У 2 пациенток морфологический диагноз был сформулирован как люпус-миокардит (по аналогии с аутоиммунным люпус-гепатитом): его отличали признаки иммунного цитолиза (периполезис и эмпериполезис; рис. 1 б, см. цветную вклейку), васкулит с развитием периваскулярного луковичного склероза (рис. 2 г, см. цветную вклейку); выявлен также митоз КМЦ (рис. 1 в, см. цветную вклейку), который свидетельствует о высокой напряженности регенеративных процессов. Иммунный цитолиз (с обнажением ядерных антигенов, с которыми могут вступать во взаимодействие внутриклеточные лимфоциты) служит морфологической иллюстрацией к процессу выработки антиядерных АТ: уровень специфического АНФ (1:320 и 1:160), титр других антикардиальных АТ был у этих больных максимально высоким (1:160—1:320), включая АТ к антигенам КМЦ (1:160). У этих больных имелись тиреоидит и аллергия в анамнезе, повышение титра АТ к ДНК, IgM к кардиолипину.
2. Хронический вирусно-иммунный миокардит (парвовирус В19) миоэндокардит с отчетливым преобладанием инфильтрации в эндокарде, но без эозинофилов и нейтрофилов (что позволяло исключить бактериальный и леффлеровский эндокардит; рис. 1 е, см. цветную вклейку) диагностирован у 1 больной. Необычно низкий титр АТ к антигенам эндотелия (1:40) отражает, вероятно, массивный выход АТ из крови в эндотелий (в том числе в составе иммунных комплексов [15]). Позднее у нее развился вирус-негативный гепатит с умеренно выраженным синдромом цитолиза, не исключалась его аутоиммунная природа. Аритмии отличались большим разнообразием (МА, трепетание предсердий, НЖЭ, ЖЭ, пробежки ЖТ) и резистентностью ко всем ААП. У второго парвовирус-позитивного пациента с миокардитом признаки поражения эндокарда были минимальными, отмечена лишь своеобразная ангиопатия с обтурацией микрососудов нитями фибрина (рис. 2 е, см. цветную вклейку).

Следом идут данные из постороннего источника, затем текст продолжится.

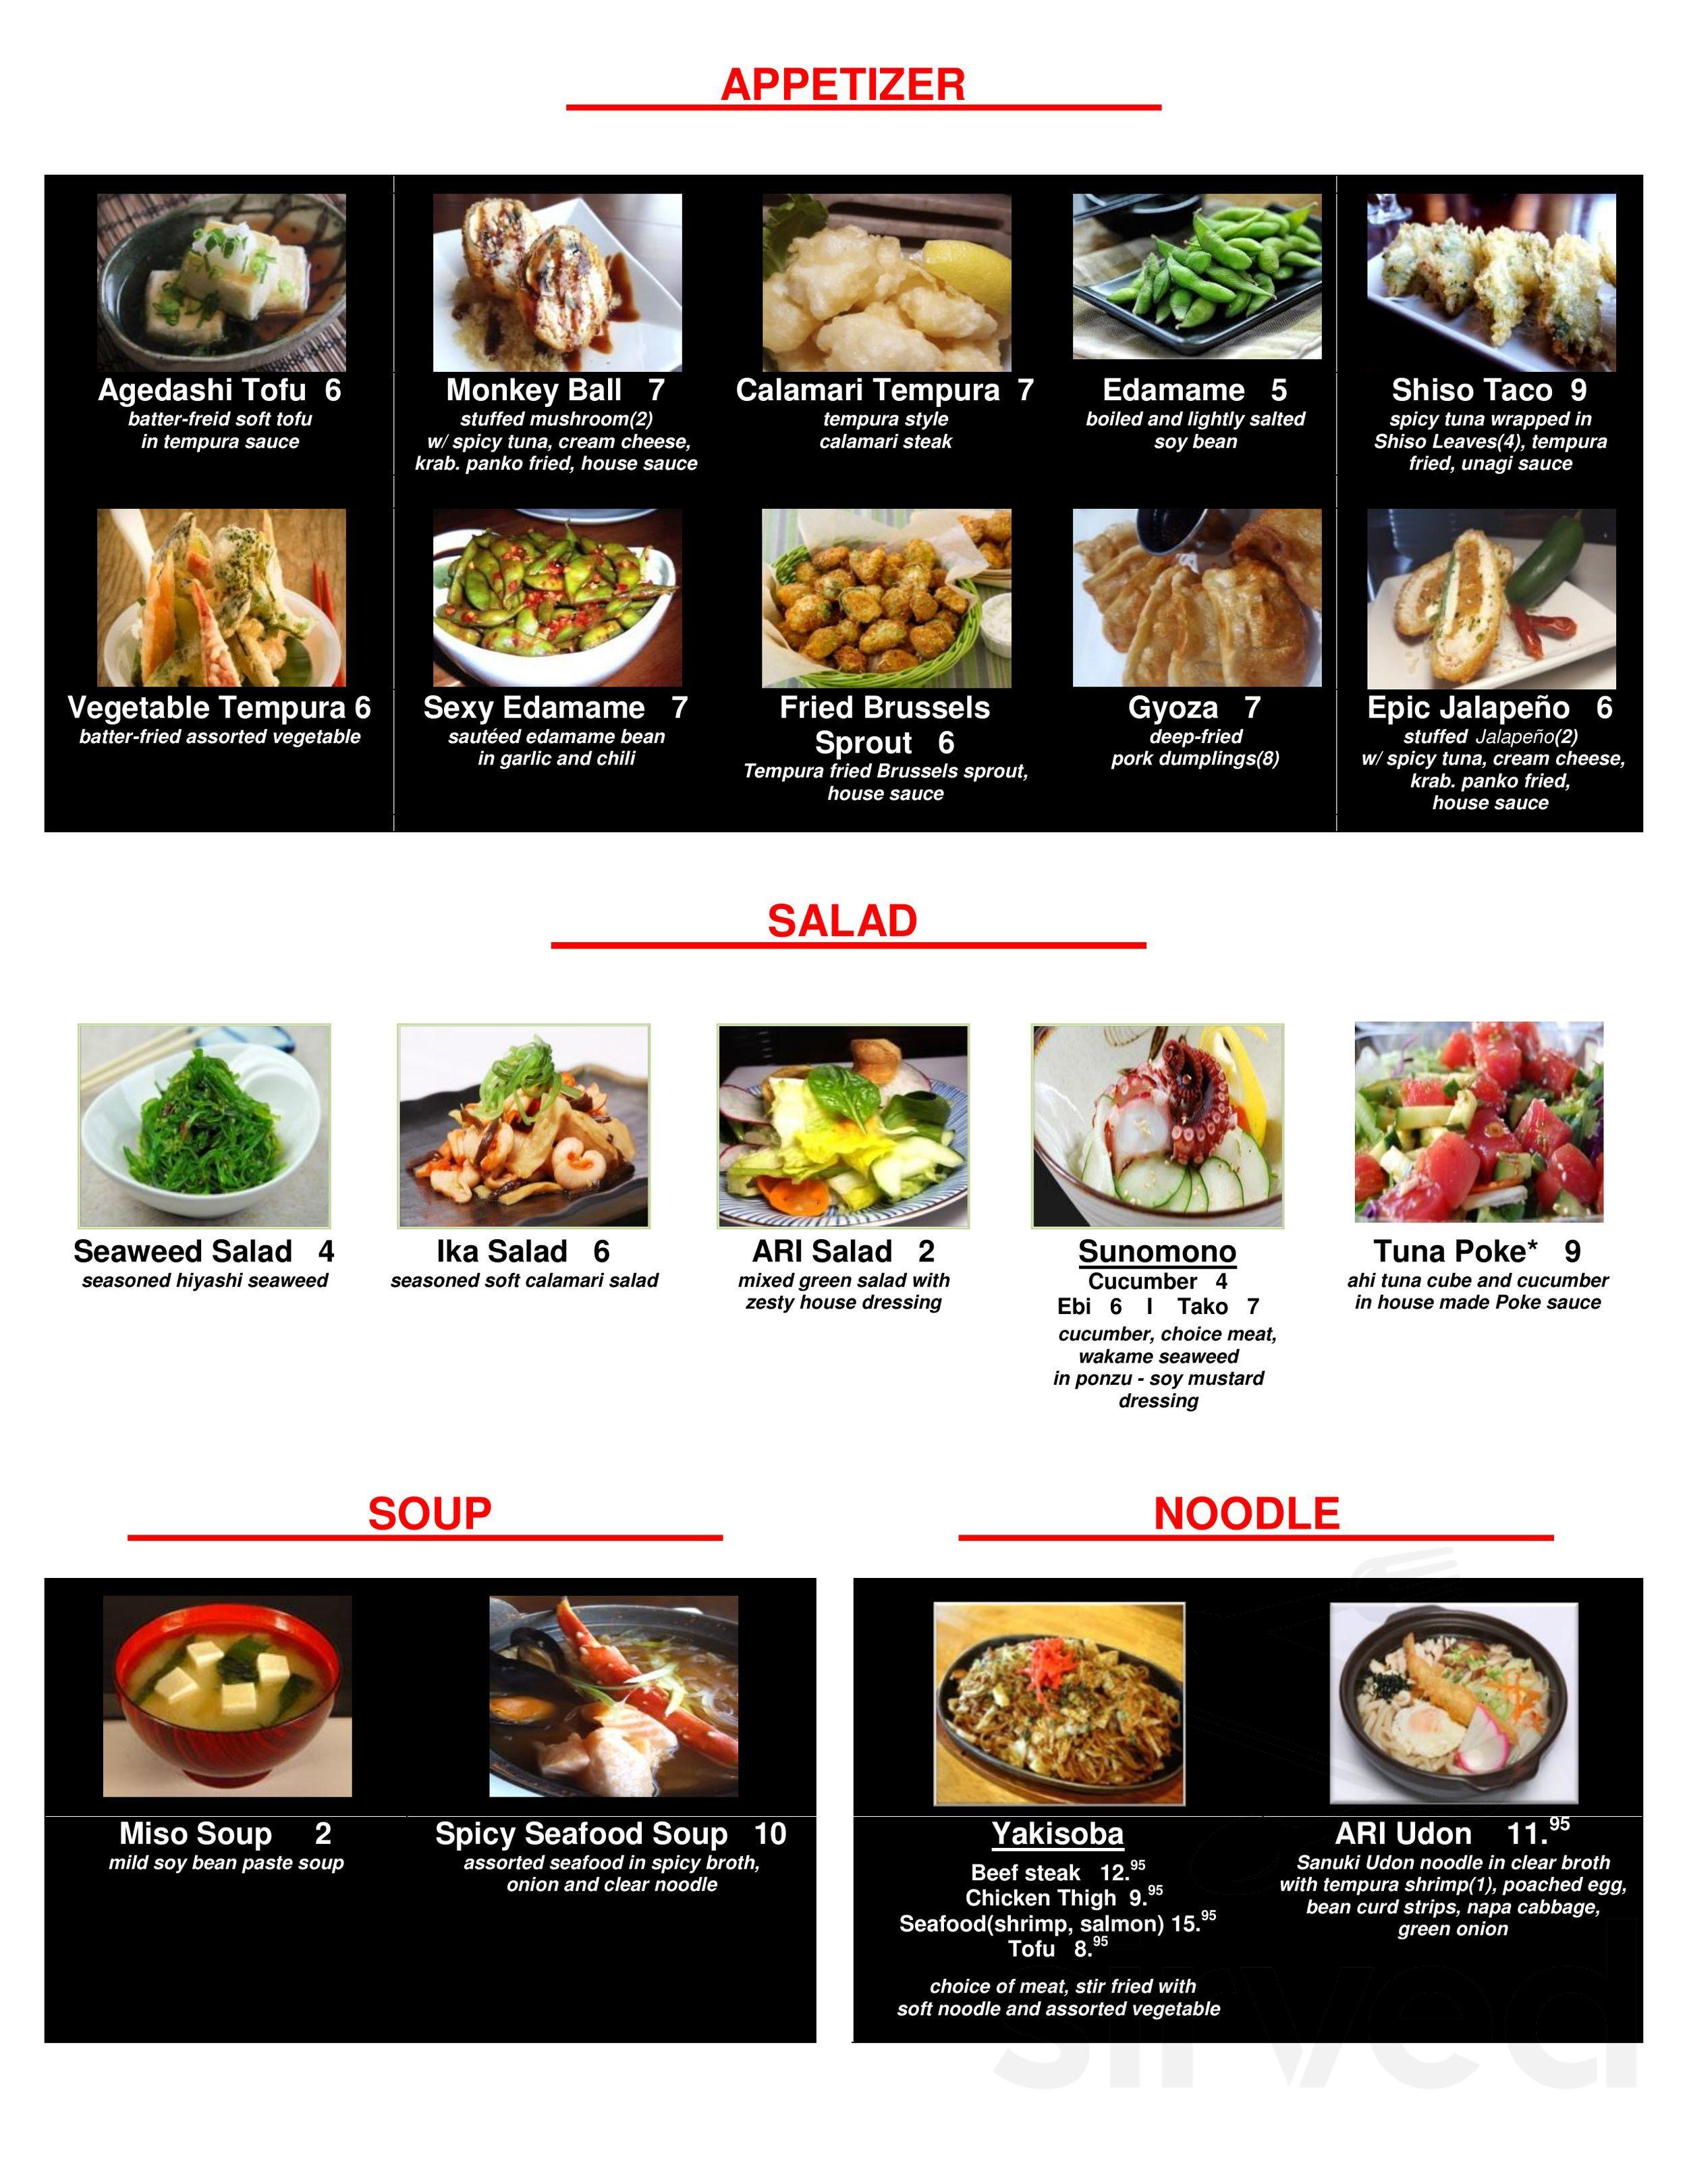 Menu For Sushi Ari Japanese Restaurant In Puyallup Washington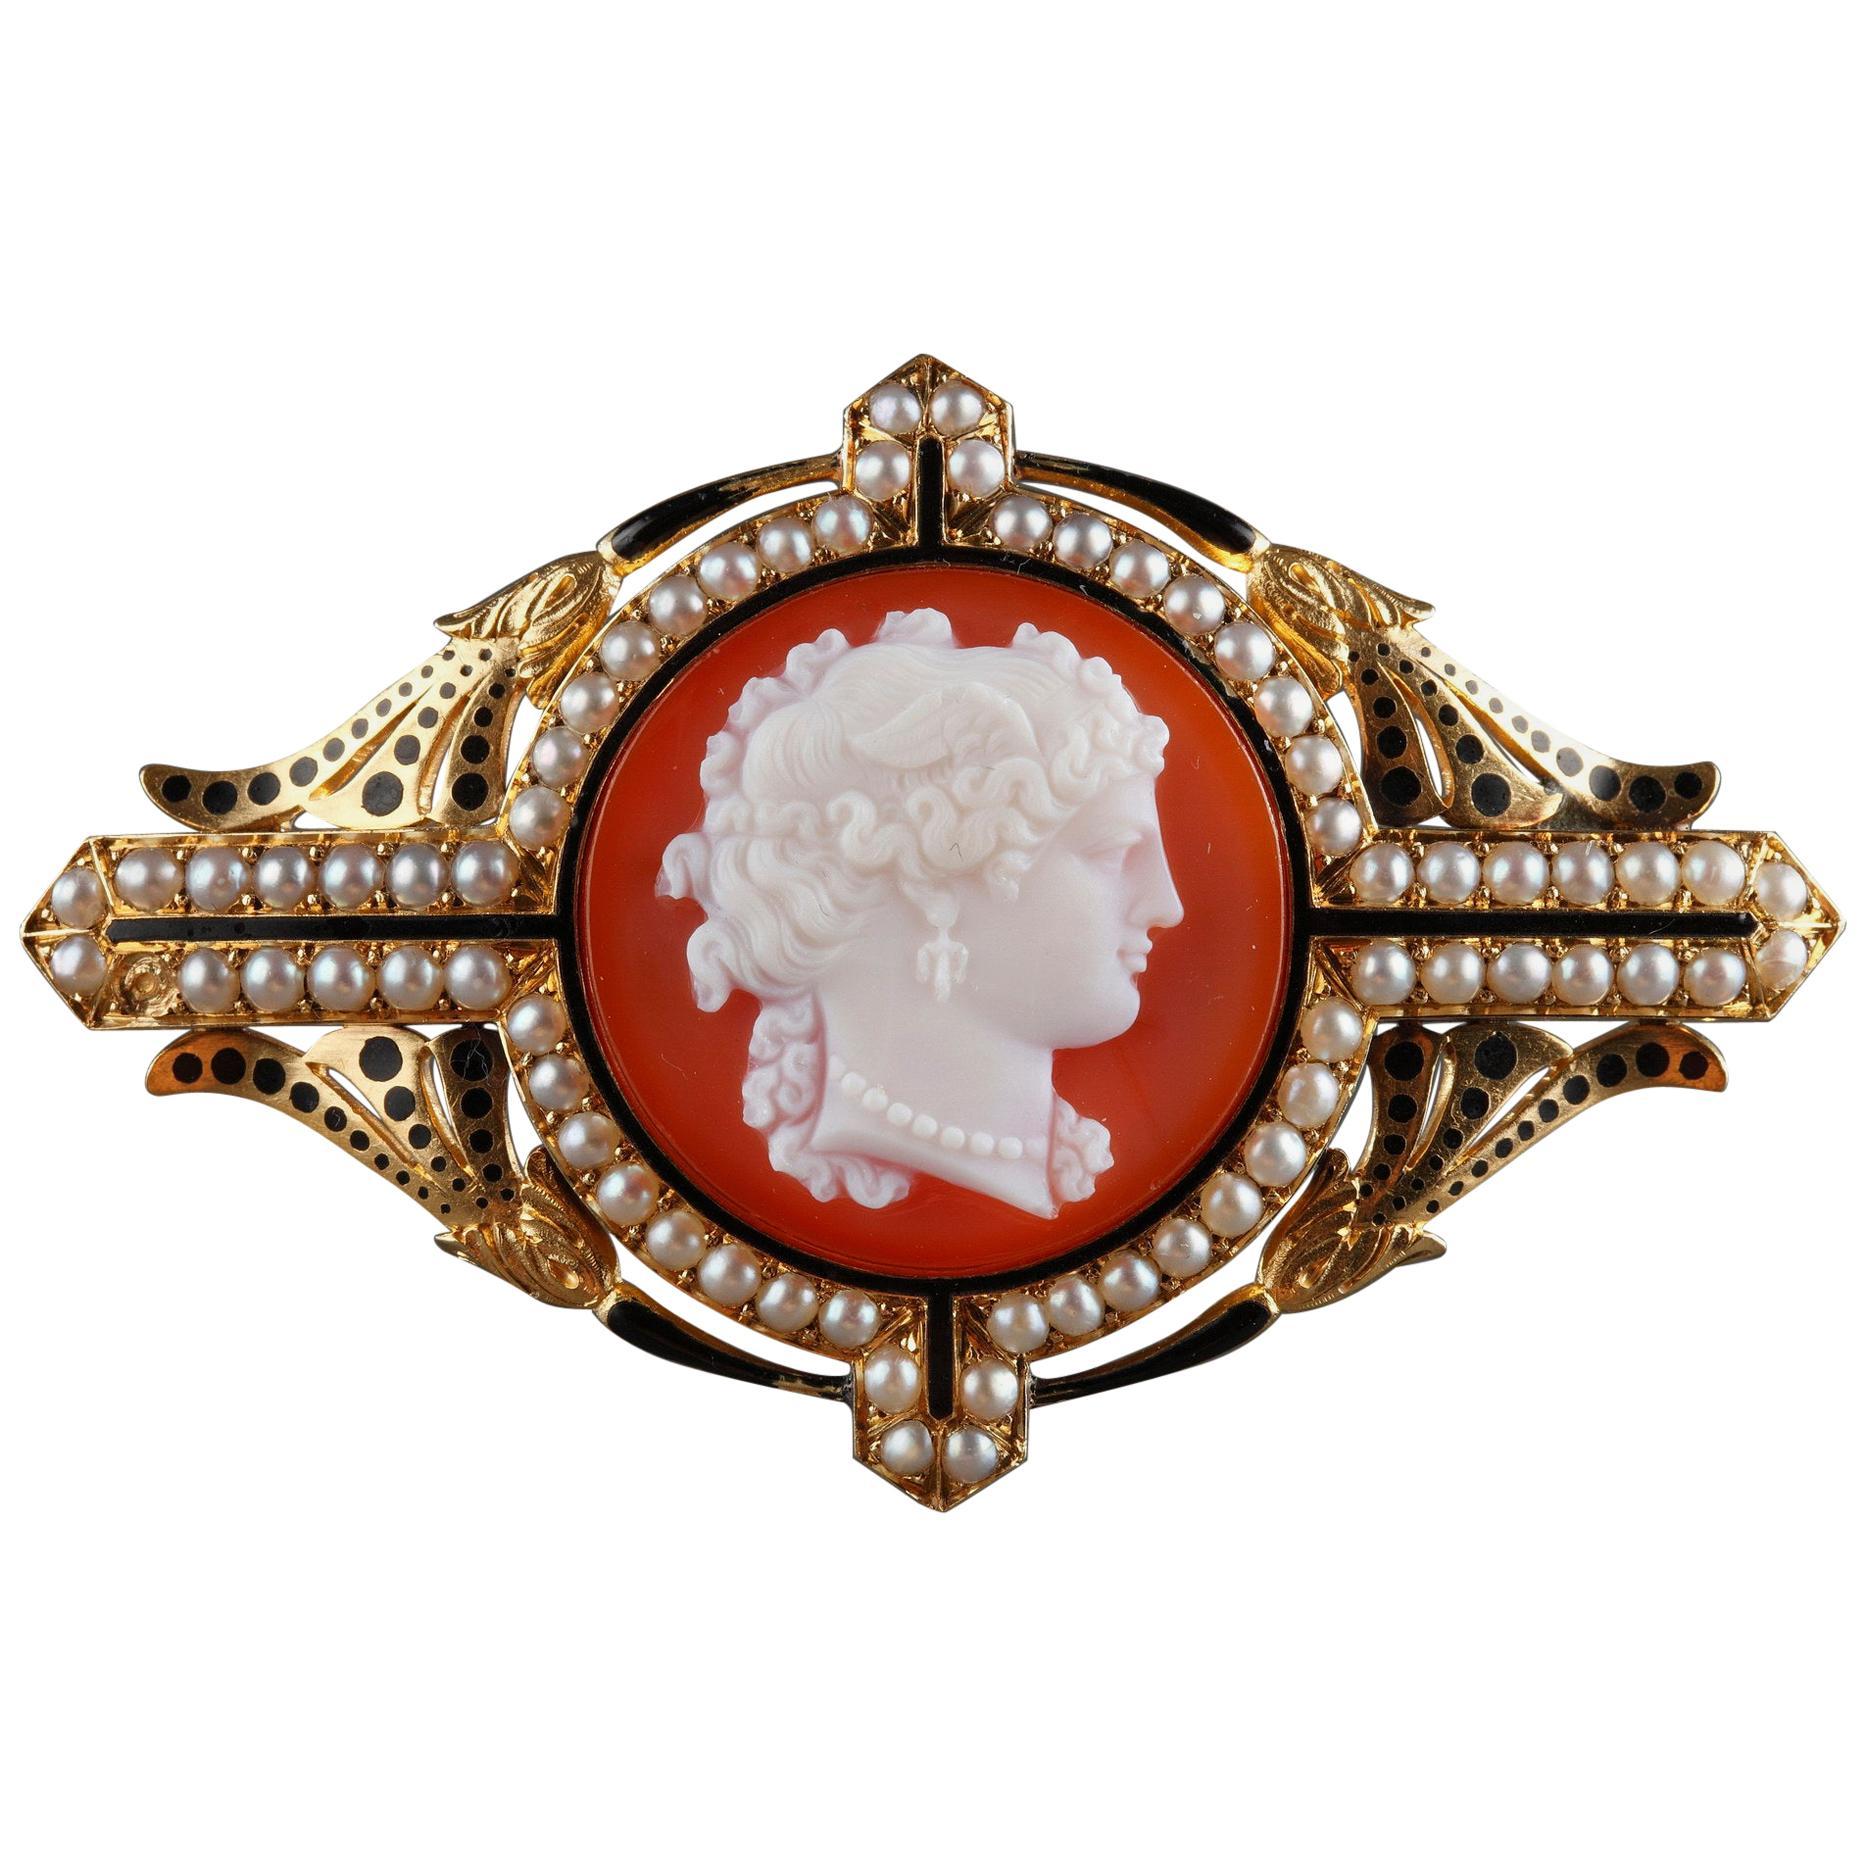 19th Century Gold Cameo Brooch

Вовлечение интрамиокардиальных сосудов в патологический процесс отмечено у 78,9%: по 7 больных имели признаки продуктивного васкулита (рис. 2 а—в, см. цветную вклейку) и склероз сосудов с сужением просвета (рис. 2 г, д, см. цветную вклейку). Ни в одном из случаев васкулит не носил характер некротизирующего, у 3 больных он оказался ведущим морфологическим проявлением.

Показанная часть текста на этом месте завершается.